Coach K, homem certo na hora certa para resgatar o prestígio americano

Atualizado: Segunda-feira, 13 Setembro de 2010 as 8:59

Quando foi apresentado como o novo técnico da seleção dos Estados Unidos em 2005, Mike Krzyzewski ouviu de Jerry Colangelo, manda-chuva do basquete americano, a seguinte a frase: "Ele é o homem certo na hora certa". O país do basquete vinha perdendo prestígio desde o Mundial de 2002. Ficou em sexto em Indianápolis e em terceiro nas Olimpíadas de Atenas-2004. Era o sinal de alerta. Com Coach K no comando, a retomada foi iniciada. Começou com um bronze no Mundial do Japão-2006 e emendou uma sequência vitoriosa com os ouros no Pré-Olímpico de Las Vegas-2007, nos Jogos Olímpicos de Pequim-2008 e agora na Turquia. Tudo isso sem despentear o cabelo cuidadosamente arrumado.

Caminhada pautada pelo resgate do respeito daquele que sempre se orgulhou de ser o melhor basquete do mundo. Quando se tem por perto Kobe Bryant e outros astros da NBA, o trajeto costuma ser mais fácil e seguro. Só que desta vez Krzyzewski não pôde contar com nenhum dos campeões olímpicos. Os problemas se multiplicavam. Ele perdia os pivôs por lesões e precisava fazer daquele time B, mesmo sem os homens altos no garrafão, um representante à altura do nome que carregam na camisa.

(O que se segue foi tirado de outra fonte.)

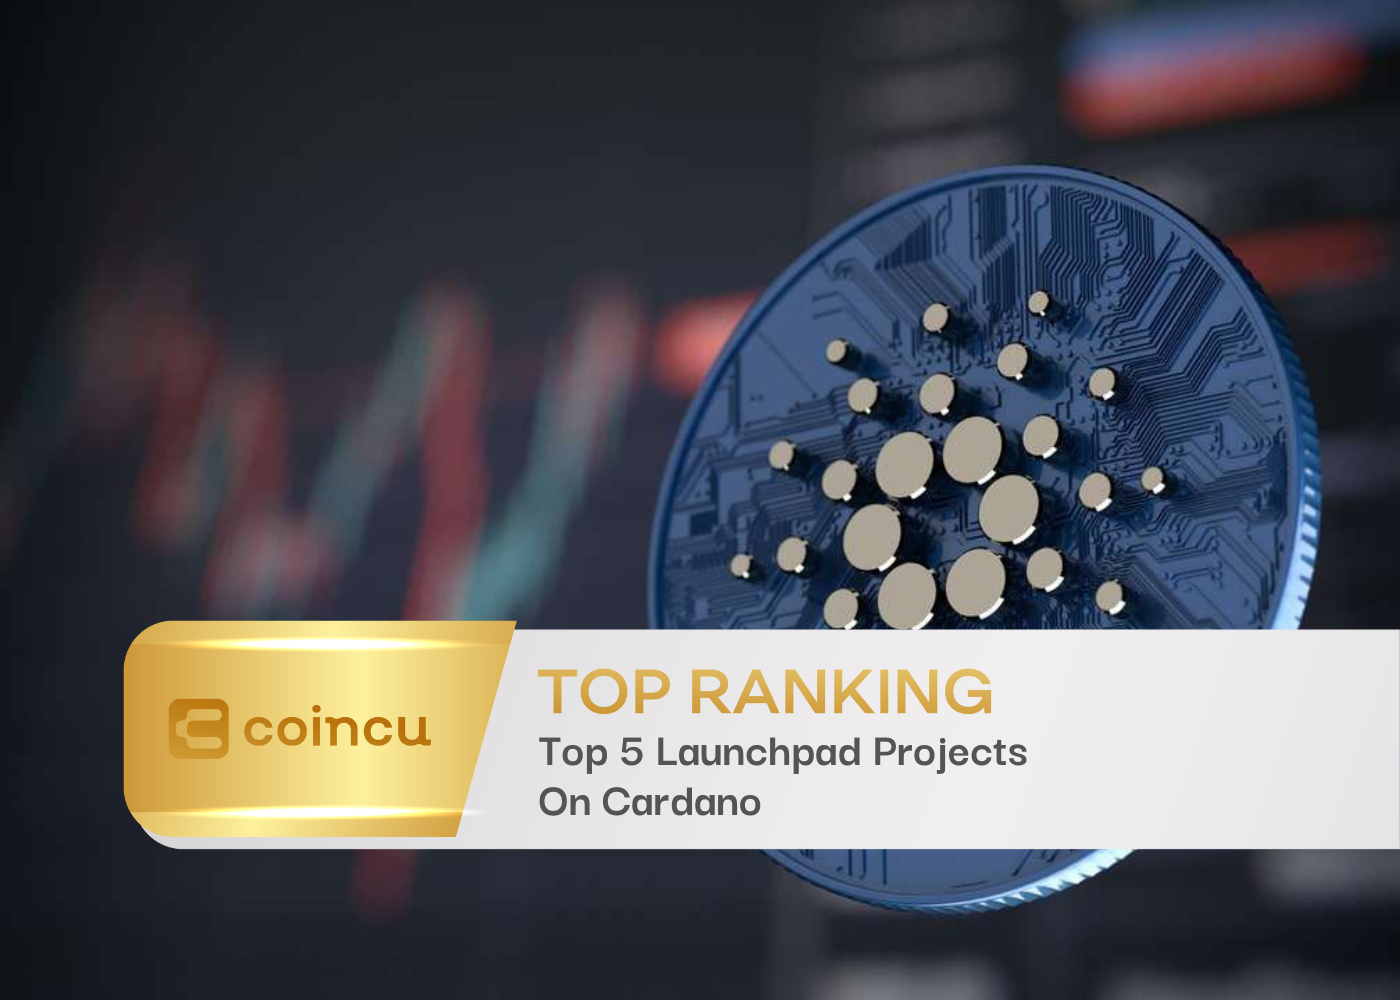 Top 5 Launchpad Projects

A fórmula foi apostar numa defesa sufocante e num contra-ataque quase sempre mortal. Fora de quadra, o trabalho era para dar confiança aos jovens jogadores. Conseguiu. O estilo zen e polido poucas vezes deixou de ser assim ao longo do Mundial. Levantar do banco e gritar, só em momentos raros. Foi assim durante a partida contra o Brasil. Na decisão contra a Turquia, neste domingo, ele ia até a linha lateral para orientar o posicionamento de Kevin Durant ou para reclamar com a arbitragem quando dois jogadores se estranhavam. Fora isso, voltava para o seu lugar e mexia na barra da calça a cada cesta convertida por seus pupilos. Uma boa defesa também merecia aplausos. Na hora da euforia, três pontos de Durant tiraram o treinador da linha. Ele vibrou e já sabia, bem antes do fim daquele confronto, que tinha conseguido cumprir mais uma vez a missão.

Não foi à toa que, ao fim do jogo, o técnico foi colocado no centro da roda para ser parabenizado por todo o elenco que ele tanto alimentou de autoestima. Com ouro no peito, eles responderam dentro da quadra às críticas sobre seu potencial.

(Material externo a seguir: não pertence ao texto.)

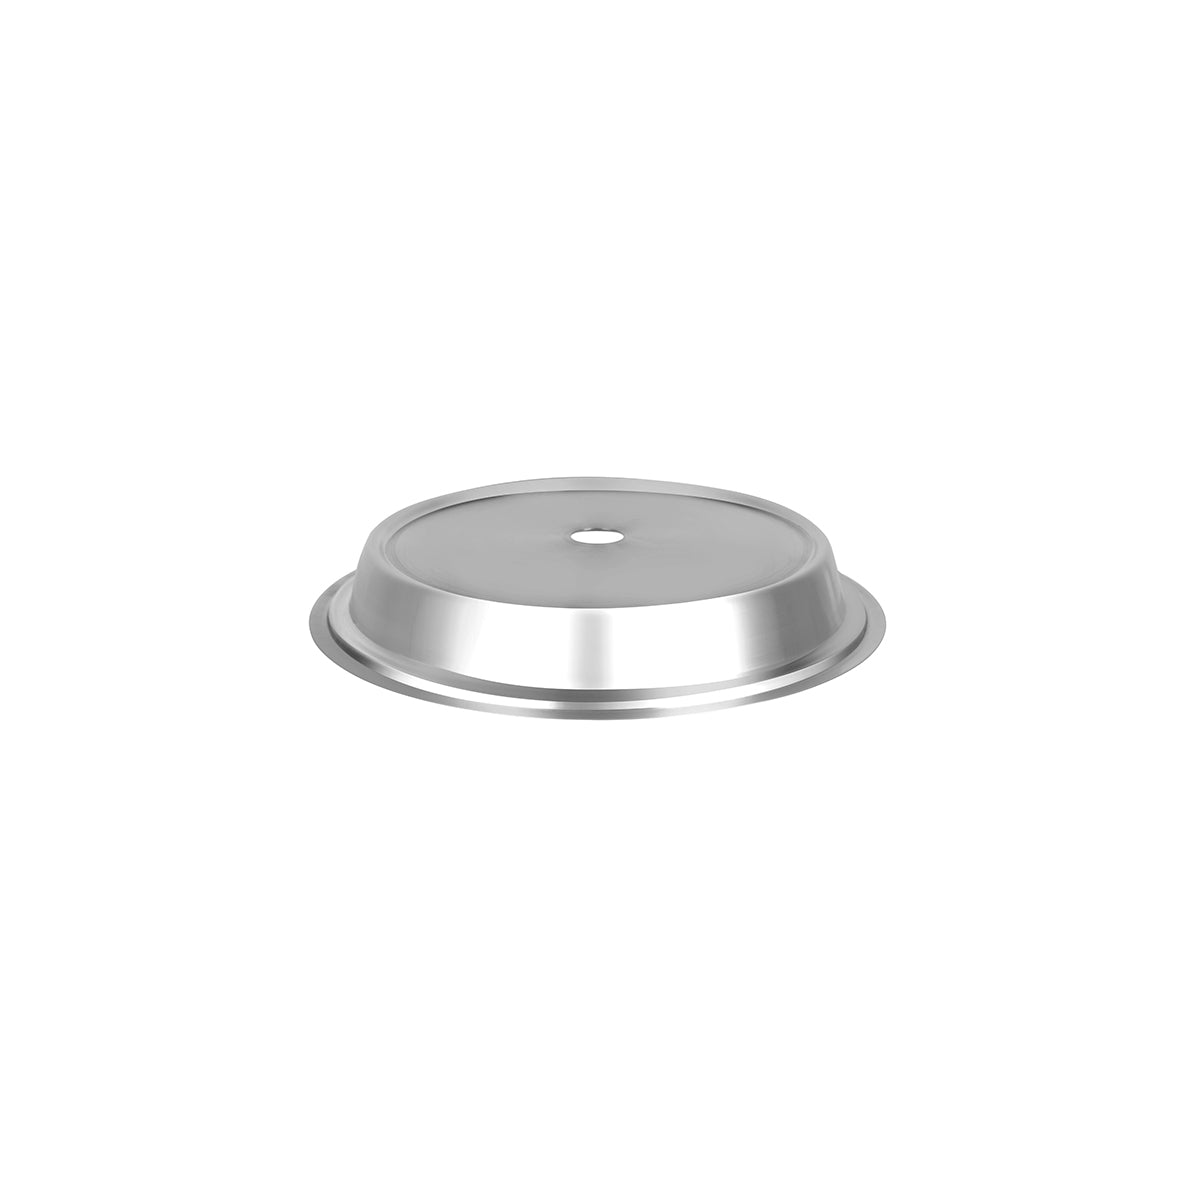 07732 Chef Inox Plate Cover Multi-Fit Stainless Steel 250mm/10" Tomkin Australia Hospitality Supplies

- Eu me tornei um técnico muito melhor depois que comecei a enfrentar e aprender com grandes técnicos que há no basquete internacional. Com os grandes jogadores e com as grandes equipes. O mundo é grande demais, há muitas pessoas boas. Nosso objetivoo é trazer medalhas de ouro, mas também o respeito das pessoas no mundo. Se não conseguirmos uma conquista não será tão grande - disse o treinador.